Regression – Ein wichtiger und offensichtlicher Abwehrmechanismus ist die Regression. Otto F. Kernberg meint dazu, dass die andauernde Angst (Angst vor Kontrollverlust, Angst vor der “falschen” Meinung etc. ) das Denken angreift und bis zu einer paranoiden Spaltung von Gut und Böse führen kann. Die Akzeptanz und die Balance der Ambiguitäts-Paradoxie ist entwicklungsbedingt ein wichtiger Individuationsprozess (nach C. G. Jung). Schon früh erleben wir als Kinder, dass dieselbe Person, die mich küsst und herzt, auch diejenige ist, die sich meiner entzieht und mich alleine lässt. Später dann sind es die Eltern, die mich nähren und mir Geborgenheit geben, die mich aber auch bestrafen und reglementieren. Ich muss also frühzeitig lernen, mich von den Personen, die mir am nächsten sind, auch abzugrenzen.

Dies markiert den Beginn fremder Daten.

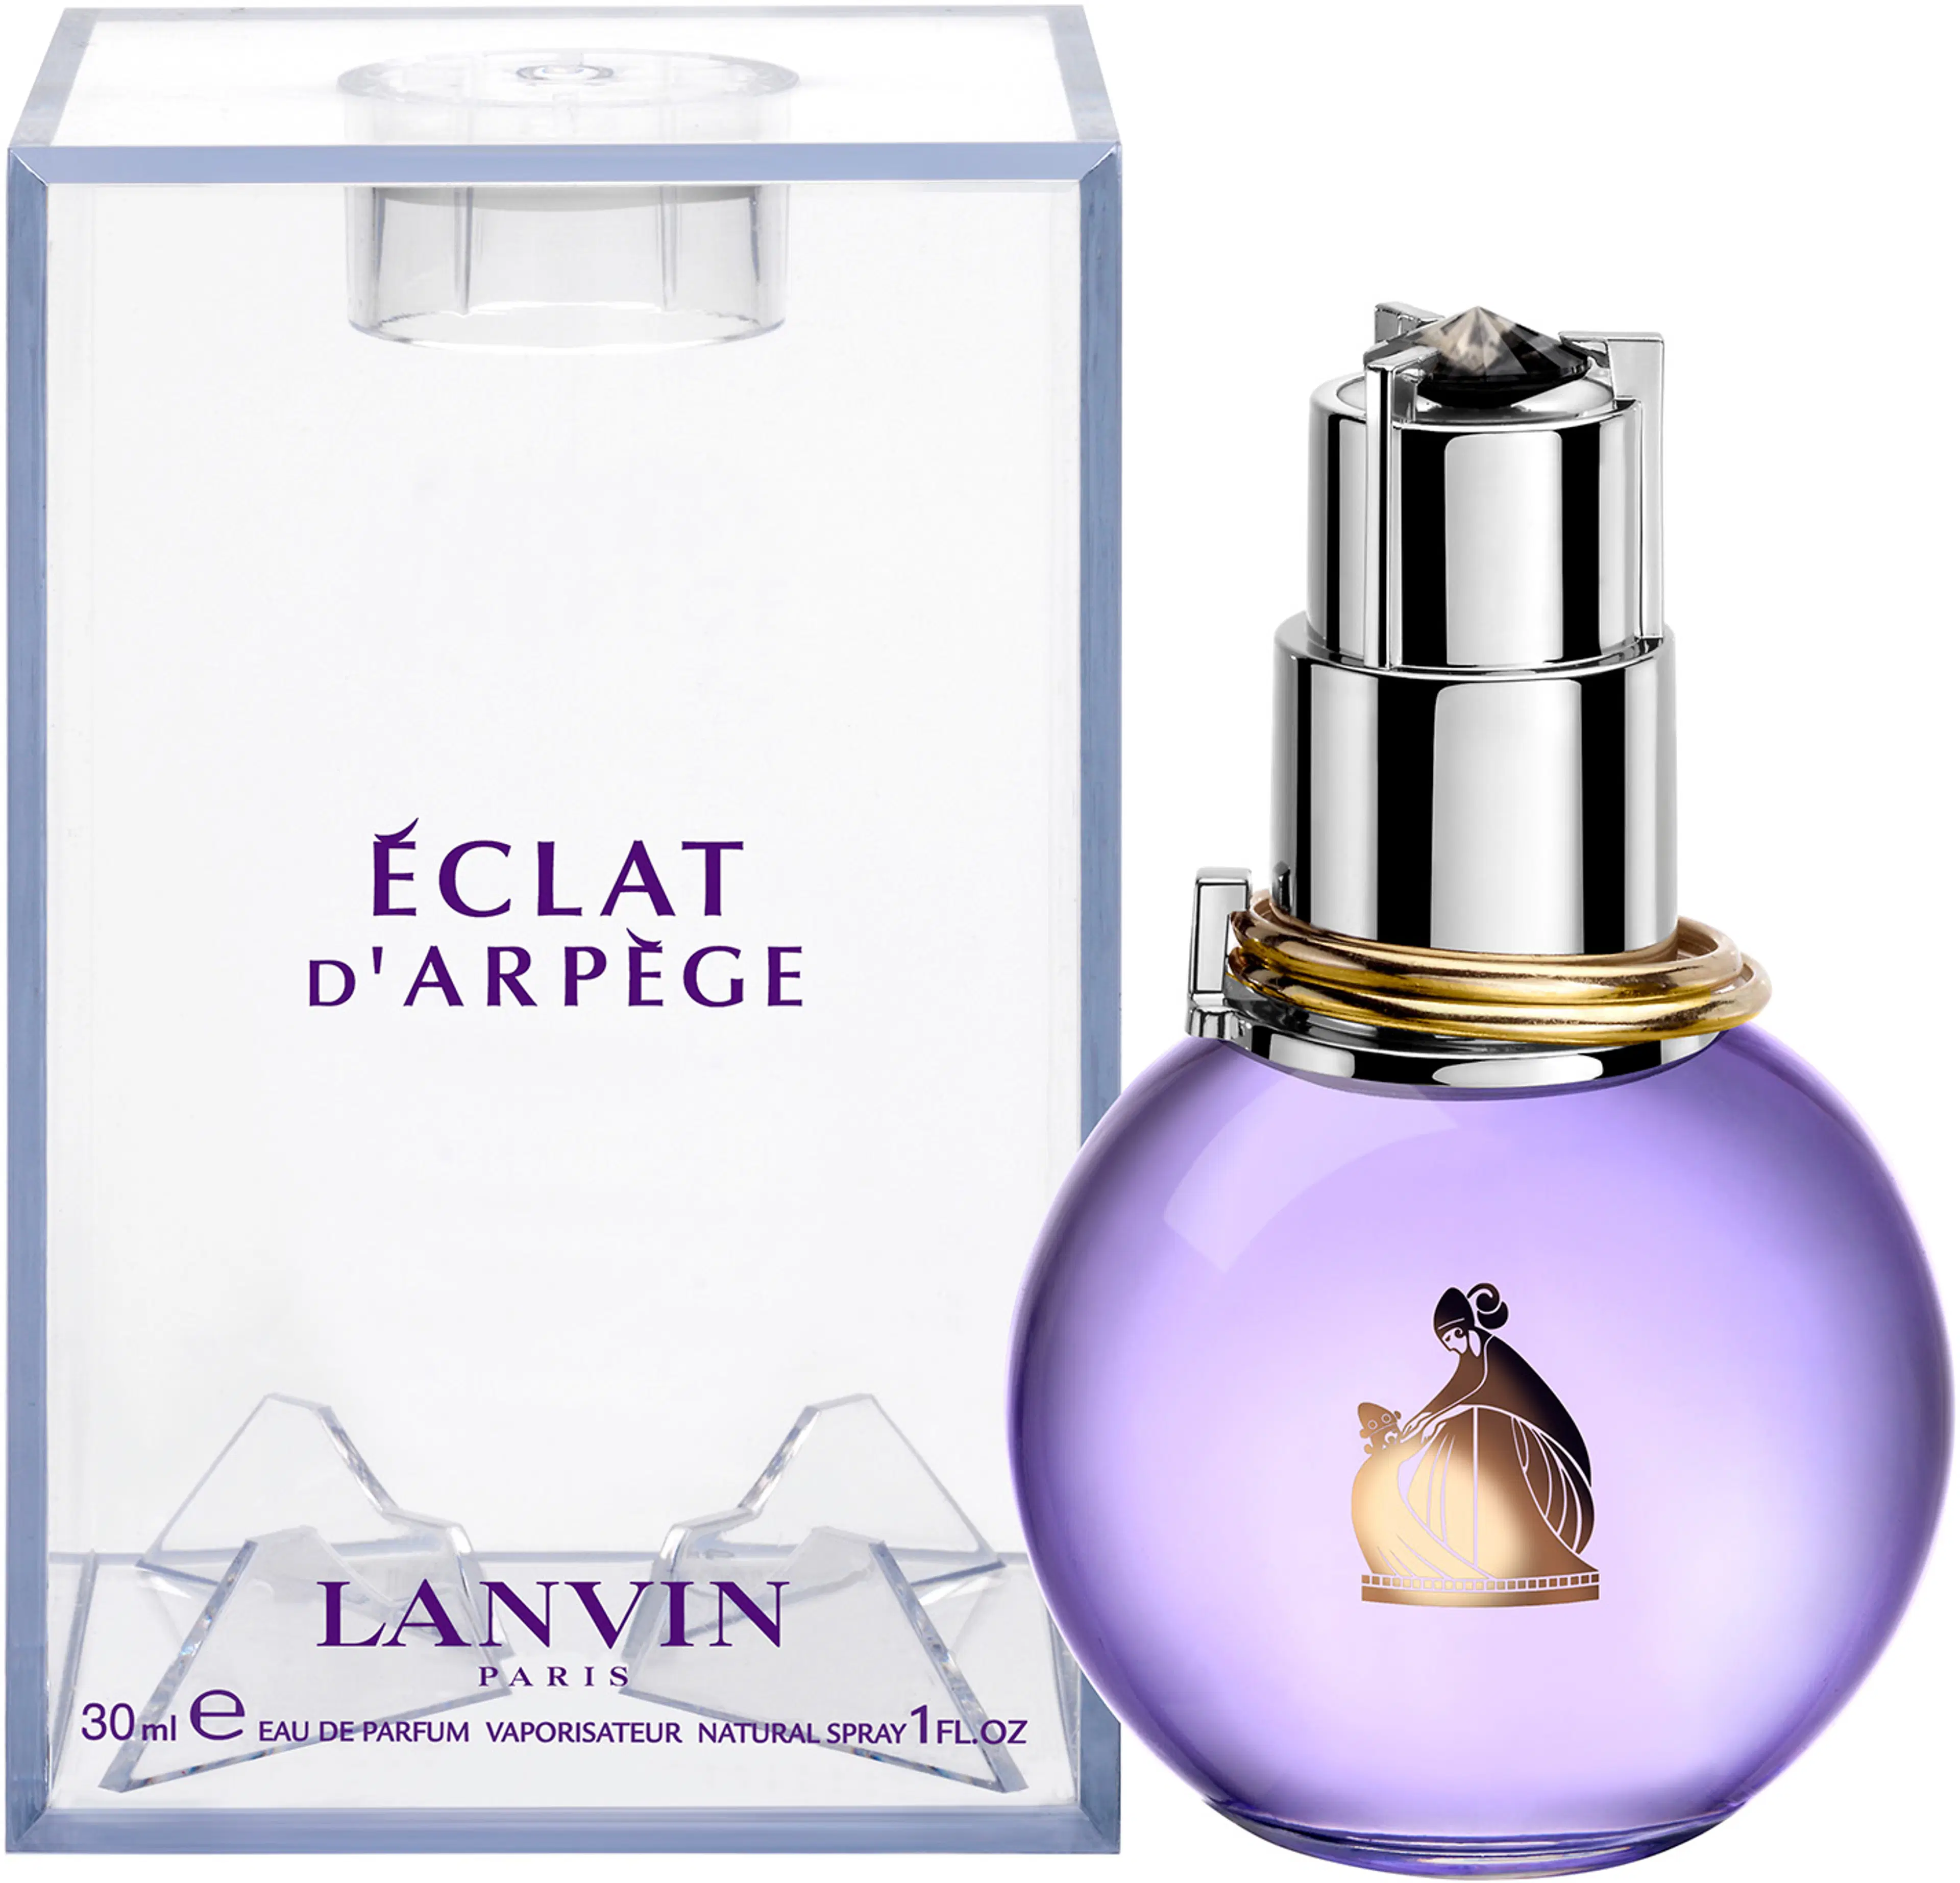 Lanvin Eclat d’Arpege EdP tuoksu 30 ml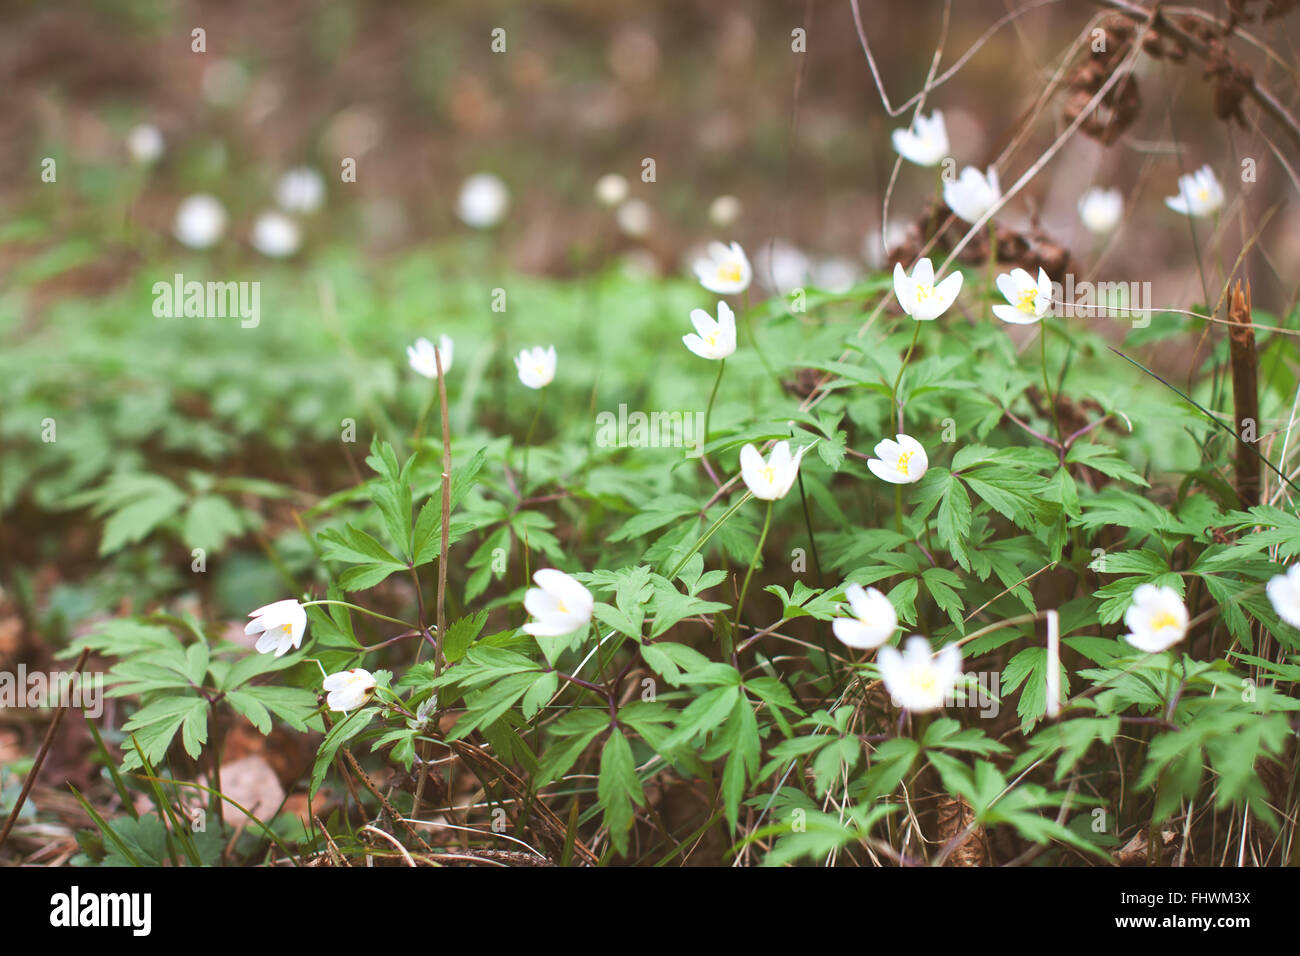 Anémone blanche fleurs en croissance à l'état sauvage dans une forêt au printemps. Image fleurs stock doux Banque D'Images

In der frühen Kindheit sind die ambivalenten Gefühle von Angst und Sicherheit externalisiert. Das heißt, die Person, die mich in den Arm nimmt und mich tröstet ist nicht dieselbe, die mich alleine lässt oder straft. Das Ambiguitätserleben braucht immer mehrere Objekte. Erst später “begreifen” wir, dass beide Seiten zu ein und derselben Person gehören. Dass Konflikte auch innerhalb von “Ganzobjekten” entstehen können und ausgehalten werden müssen, ist ein Reifungsprozess, der kognitiv und emotional anstrengend ist und beständig gepflegt und belebt werden muss.

Fazit

Corona hat gezeigt, dass Angst ein schlechter Unterhalter ist. “Eherne Standpunkte”, “missbrauchte Ideologien”, “unverrückbare Wahrheiten” und viele weitere Ersatzeltern für ehemals Meinungen rücken ins Feld, um andere Meinungen zu bekämpfen, ja, auszurotten. Das angstbesetzte Ziel ist immer die Tilgung von Unschärfen und Indifferenzen. Daher ist auch hier der Wille zur Erkenntnis auch die Angst vor der Nichterkenntnis. Habt Mut dazu, sich in die Gefühlslage des Gegenübers einzudenken. Betreibt keine Wortklauberei, sondern versucht zu verstehen, welche emotionalen Hürden einem Verständnis entgegenstehen. Oft ist es Angst und Unsicherheit, mit seiner eigenen Hilflosigkeit umzugehen. Denn Pedanten und Agitatoren der einzigen “Wahrheit” leiden oft unter einer Kontrollsucht und der fieberhaften Suche nach der Definition, nach dem Eindeutigen oder nach dem Objektiven – also nach einer vermeintlichen Sicherheit. Panikattacken und Angststörungen sind nur ein paar Varianten, wie sich der Körper gegen diesen Wahn der absoluten Kontrolle wehren könnte.